Fannie regarded him quizzically, which meant that she was trying to remember a message for him. Writing down messages was out of the question, she said, because it was a job for a servant.

“Someone called, Fannie?”

“Yes.”

“Who?”

“Not so fast. You don't say hello?”

“Hello Fannie. Who called?”

“Aha.”

“Aha, who?”

“Aha, your wife.”

“So?”

“So, she's in a movie, a long double feature. She won't be home till late.”

“Did she leave a number?”

“Of what, the movie house?”

“I, too, am going to a movie.”

“Pish, tush.”

His fingers squeezed the brass knob of the entrance door but he could not alter its shape.

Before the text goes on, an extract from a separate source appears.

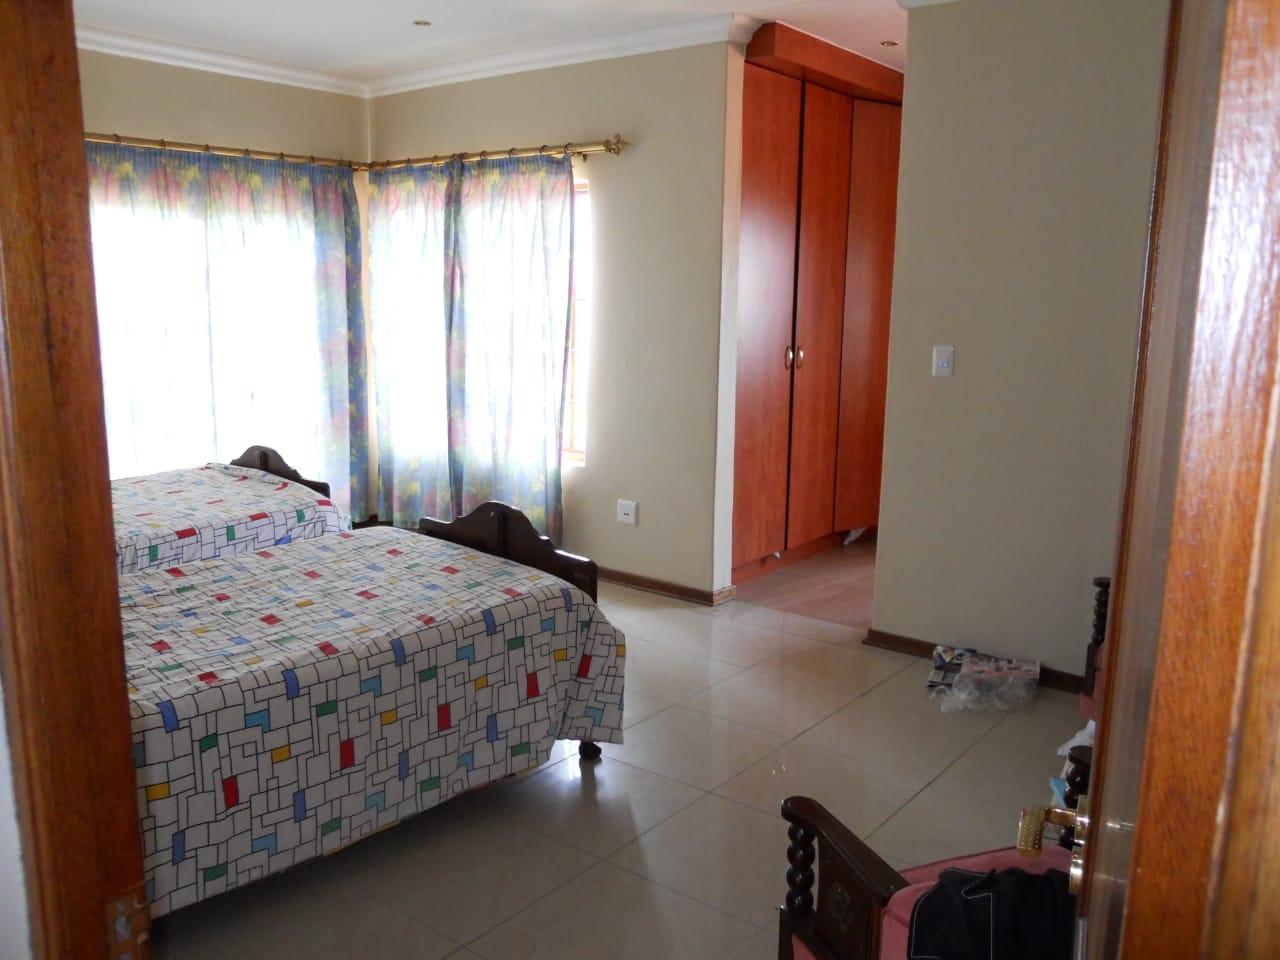 Main bedroom view towards en-suite bathroom
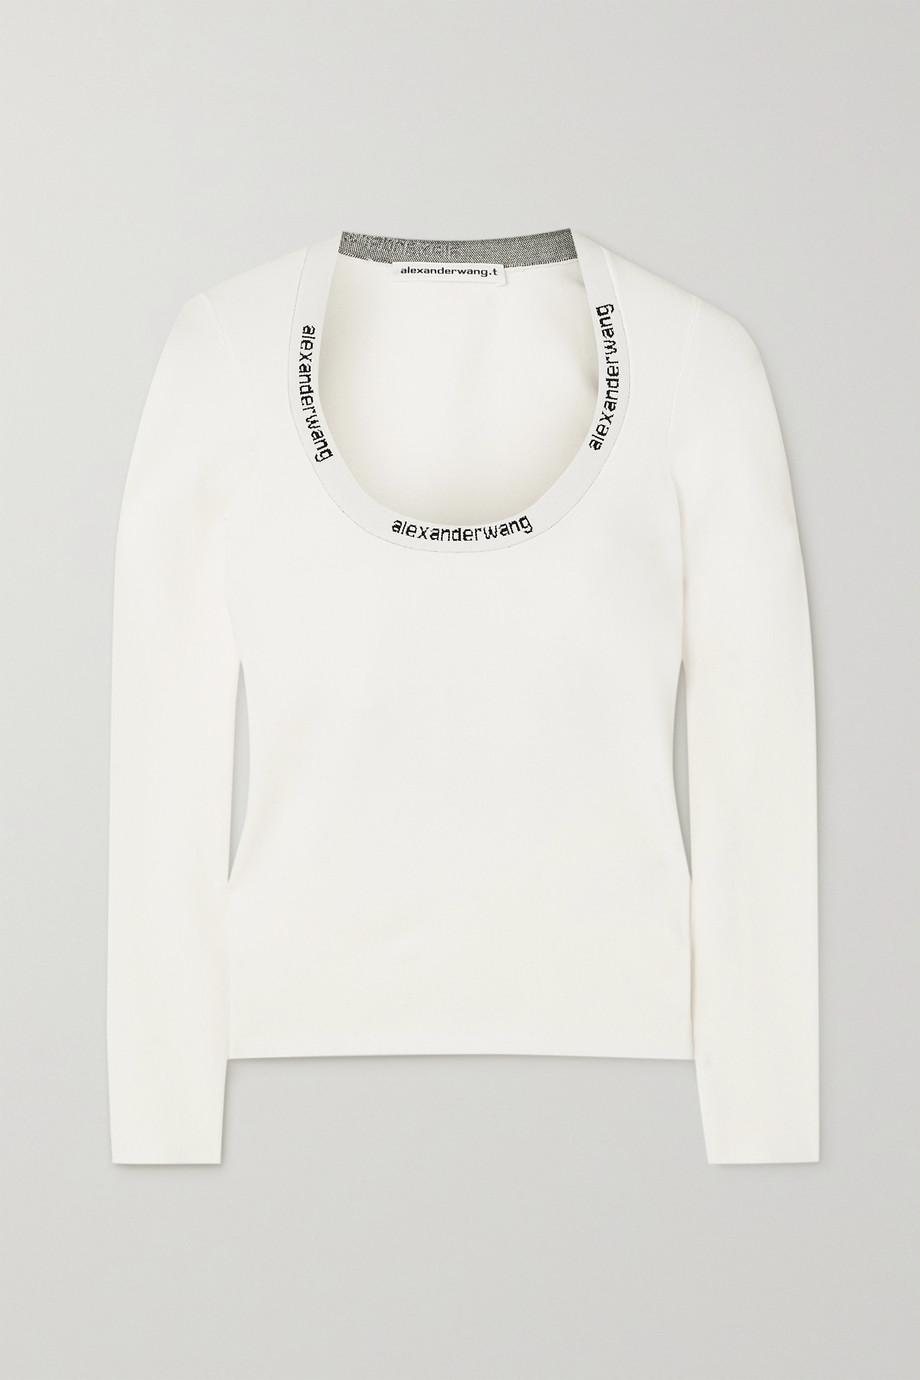 alexanderwang.t Intarsia stretch-knit top

He walked quickly now, past dark shapes squatting or sprawled like beached manatees in the doorways of flophouses, pawnshops and restaurant equipment stores. An occasional grimy palm emerged as an emissary of nonsense sounds. Catzker did not turn his head. Just as he had written in the poem he had torn up years ago:

You passed him, the man on the street
,

As he shouted: “Hey, Mac, hey, Mac.”

Third Avenue walks have made you callous

But suppose pain lingered at your back.

Ah, he was just another bum;

You've been a sucker too many times.

Walk on with brisk steps of youth
,

But remember how and where you're going.

He asked Dr. Freud:
Why do I remember that silly poem that was early proof that I was not a poet?
Freud, a dandy in a silk cutaway, minced out of an English drawing room, intoning: “Yet each man kills the thing he loves …”

Under the harsh light of a pawnshop window, a samovar spread its girth like a golden guardian over harmonicas, scout knives and dented trumpets. He pressed his nose against the glass attempting to read the Russian pedigrees etched in medallions around its base. The spigot shocked him by its resemblance to the gargoyles that had strained to fly off the largest church in Kiev and swoop down upon him. His cheeks flushed as he remembered his mother's chapped lips absorbing his tears.

“Hoo, hah,” said Freud, clad in Gertrude Stein's tweed jacket and skirt, “unresolved oedipal is unresolved oedipal is unresolved oedipal.”

At Grand Street, he jumped back as a cat leapt from a garbage can. A leftover
dybbuk
, he thought, recalling that he had seen that play at the Neighborhood Playhouse a few blocks away. Possession by a whining, platonic lover, he thought,
some dybbuk!

Dr. Freud, propped up at a bar, said: “You also saw
Exiles
there.”

“A bad play,” Catzker said.

Freud, chewing on a long fat cigar, blew smoke rings that spelled
Poldy.

On Stanton Street, a line waited in front of the Salvation Army. America, Catzker thought, has even made an assembly line of salvation: first kill the stomach pains with beef stew, and then on the belt to the Bowery Mission next door for conversion to the capitalist
God, the giver of beef stew. He had no argument with it. Full stomachs made drowsy, pogrom-hungry souls.

A stick figure walked toward him. A fingertipless woolen glove removed a stained gray hat, uncovering brilliant, young red hair. The hat, bottom up, brushed Catzker's stomach.

“I'm needin' a nickel, Mac.”

“For what?”

“For food.”

“Isn't it free?”

“I can get it for free. But if I have a nickel I won't be needin' to beg. You know what I mean?”

Catzker did not. He considered dignity a capitalistic ruse that kept people at killing jobs and then preached that starvation was preferable to the indignity of accepting charity. They said his father had died with dignity. How much more dead would he be without it?

“Cheap kike,” the redhead shouted, “you'll be gettin' yours soon.” He turned, bent over and farted. The men on line shouted and applauded.